Disposition: support & self-regulation Y is fidgety in a way that is different from (more than) other children.The teacher does not ignore the behavior totally, but addresses it selectively, and in general briefly. She deals with it directly, but often uses her interventions to teach values to all of the children and to do so in a positive way: • Teacher: “It looks like Y has forgotten the rule. Let’s give him or her time to correct their behavior. We must be respectful; we want to have fun; etc.”
Opportunity structures Opportunity structures: meaningful (comfortable) participation (classroom as an artifact of children’s knowledge and experiences) • Who gets to help, and in what ways? • Opportunity to make choices. • Who participates in instructional activities? • How does she make the lessons relevant to the children’s experiences? That is, how does she provide opportunities for children to draw from their personal knowledge and experiences?

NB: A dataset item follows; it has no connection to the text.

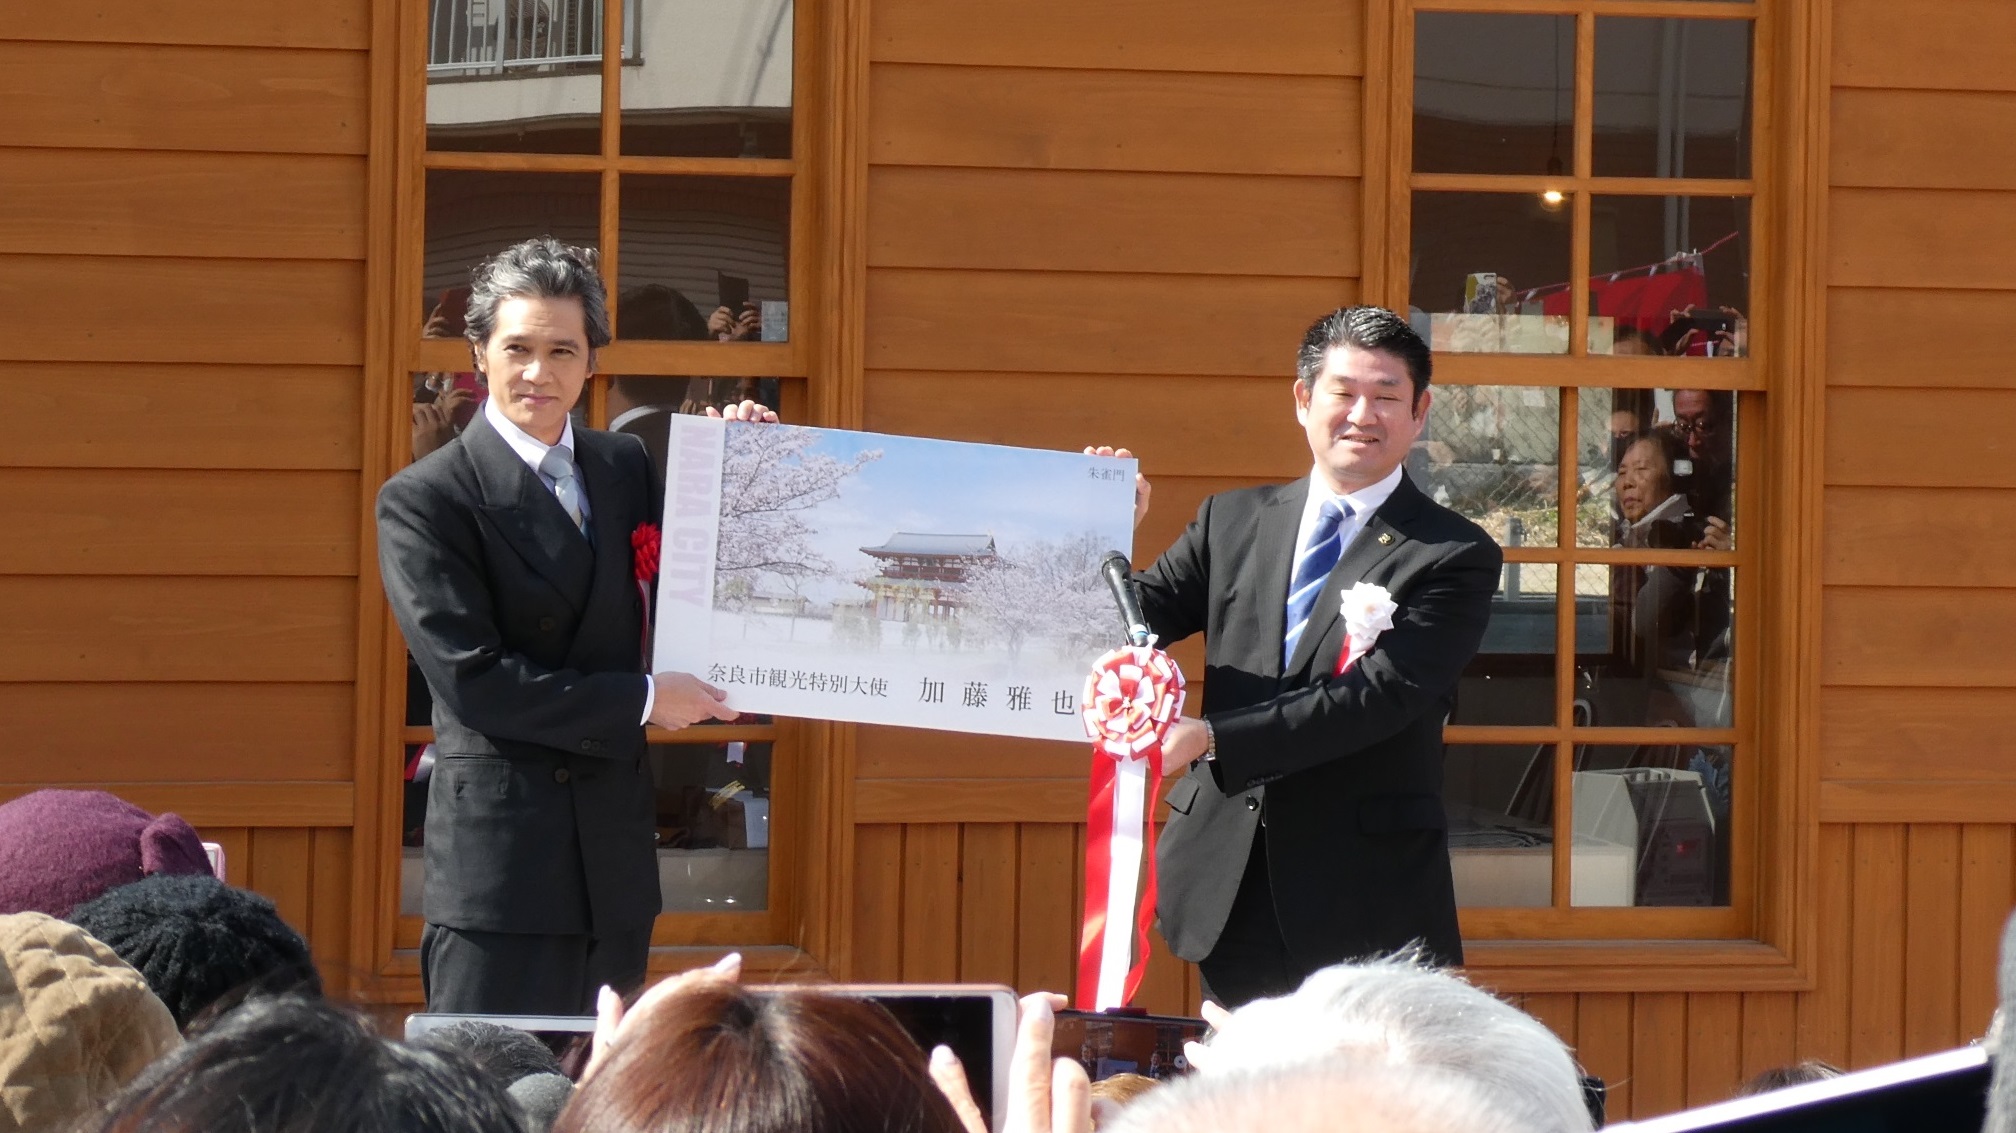 奈良市京終駅観光案内所開所式典、奈良市観光特別大使委嘱式の画像2
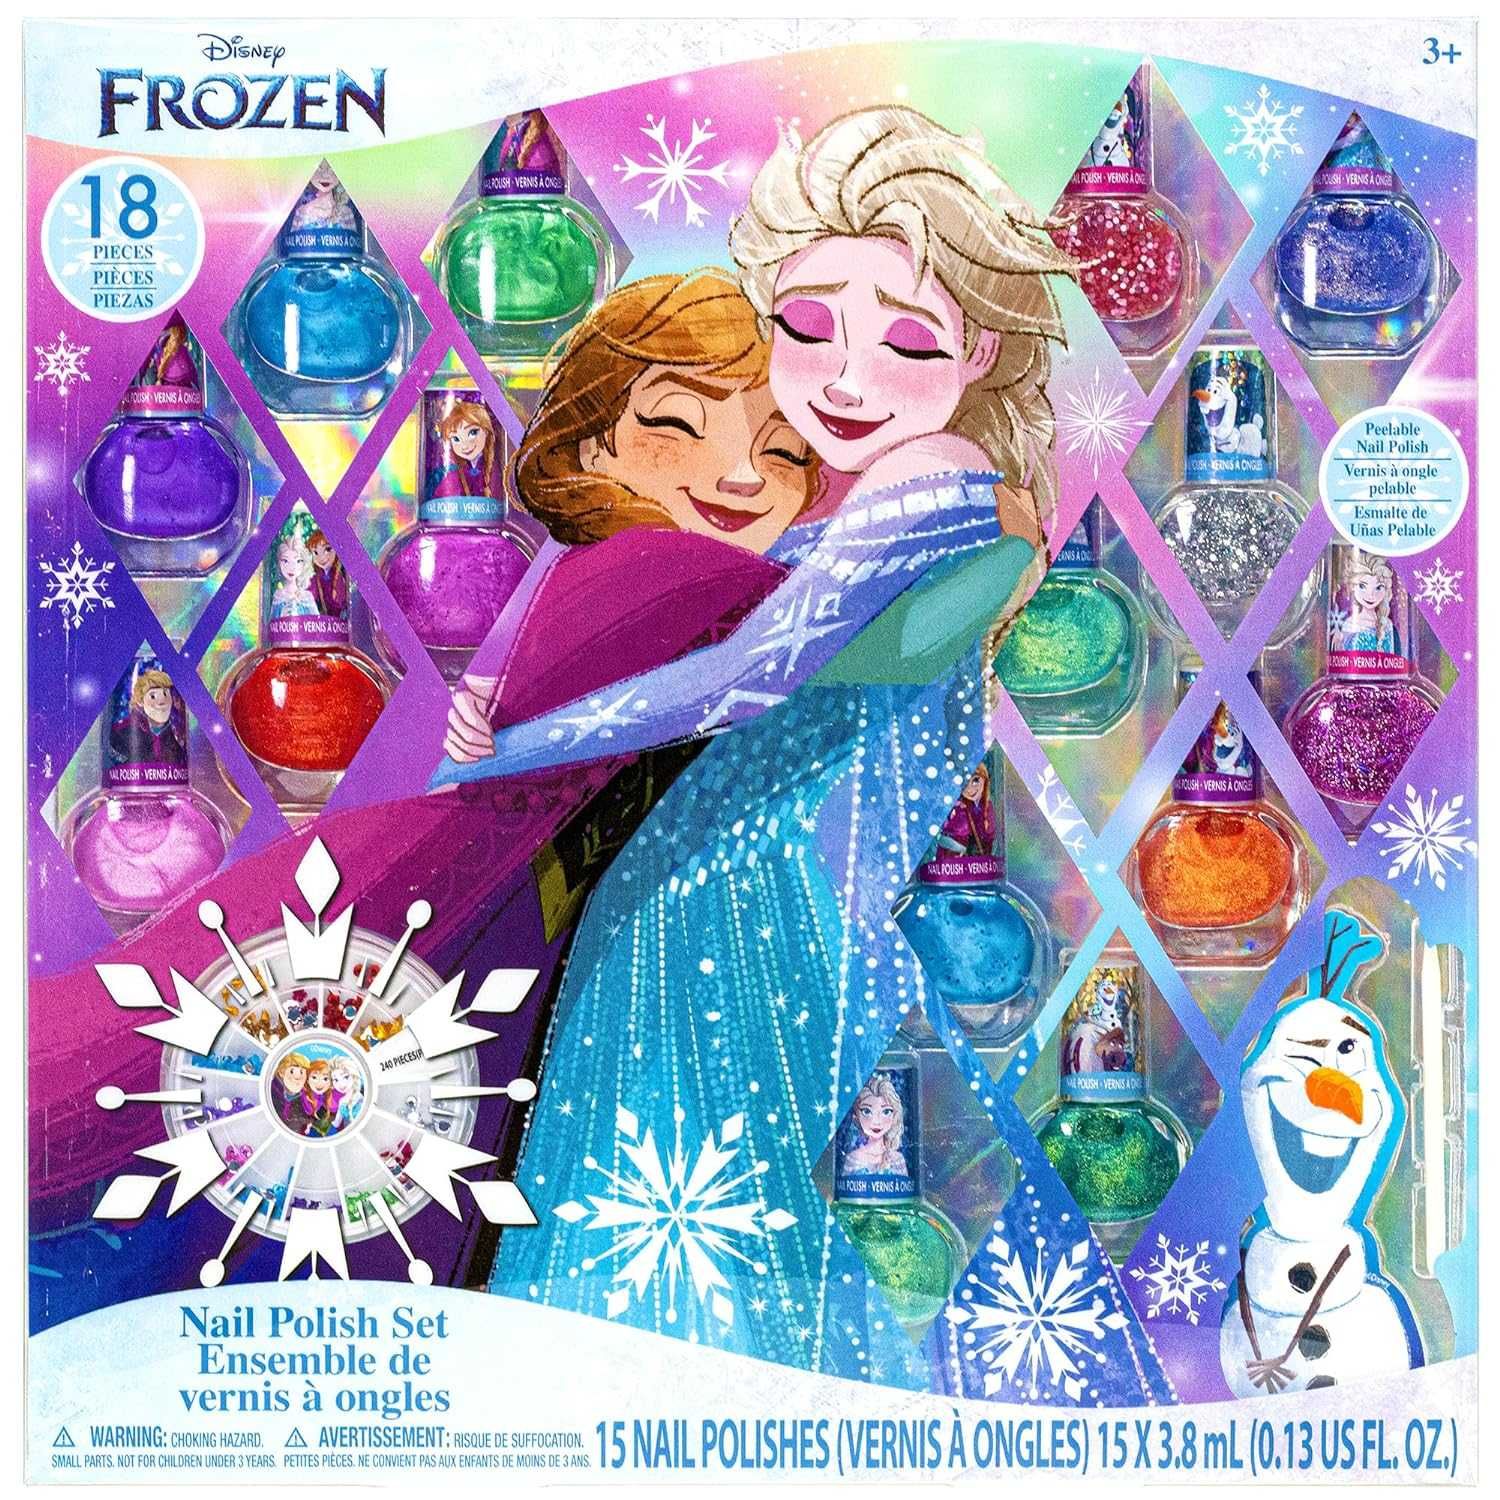 лаки для ногтей для девочки Холодное сердце с 3 лет Disney Frozen

Teaching with Integrity • It is the holism of the teachers with whom we worked, their “integrity,“ that we believe help them find more ways to connect with children across the diverse personalities, abilities, and needs the children represented. • In this way, the teachers created a classroom environment in which the integrity of each child was welcomed and respected. We feel this undoubtedly played a role in establishing trusting relationships with and among the children.
TEACHER: Yeah, for everybody. If I’m really straight and narrow in doing things and I never take the time to just let them react. If I do, it just gets out of hand and it takes a long time to get control of the room. TEACHER: You said a time limit, you did. You said “It will take me just a minute to get....” TEACHER: And it was such a human thing and we need that you know, we need to bend. That’s what you’ve allowed us to do. It validates them as people. And I just found that remarkable and it’s such a little thing, I hadn’t thought of it. I’m scared to try it, but it’s so neat. It’s so neat. And I think in their success in doing the next thing and being able to make a transition because they don’t carry to the next transition with frustration. Teaching with integrity
Classrooms of integrity: loving Black children • Y is having a difficult day and is sent out of the room by T (though he is allowed to come back when he is ready). When he returns, the teacher publicly apologizes to Y for sending him out of the class when he was “acting obnoxious” such that they could not work. She apologizes because she realizes that what he needed from her was “to know that she loved him.”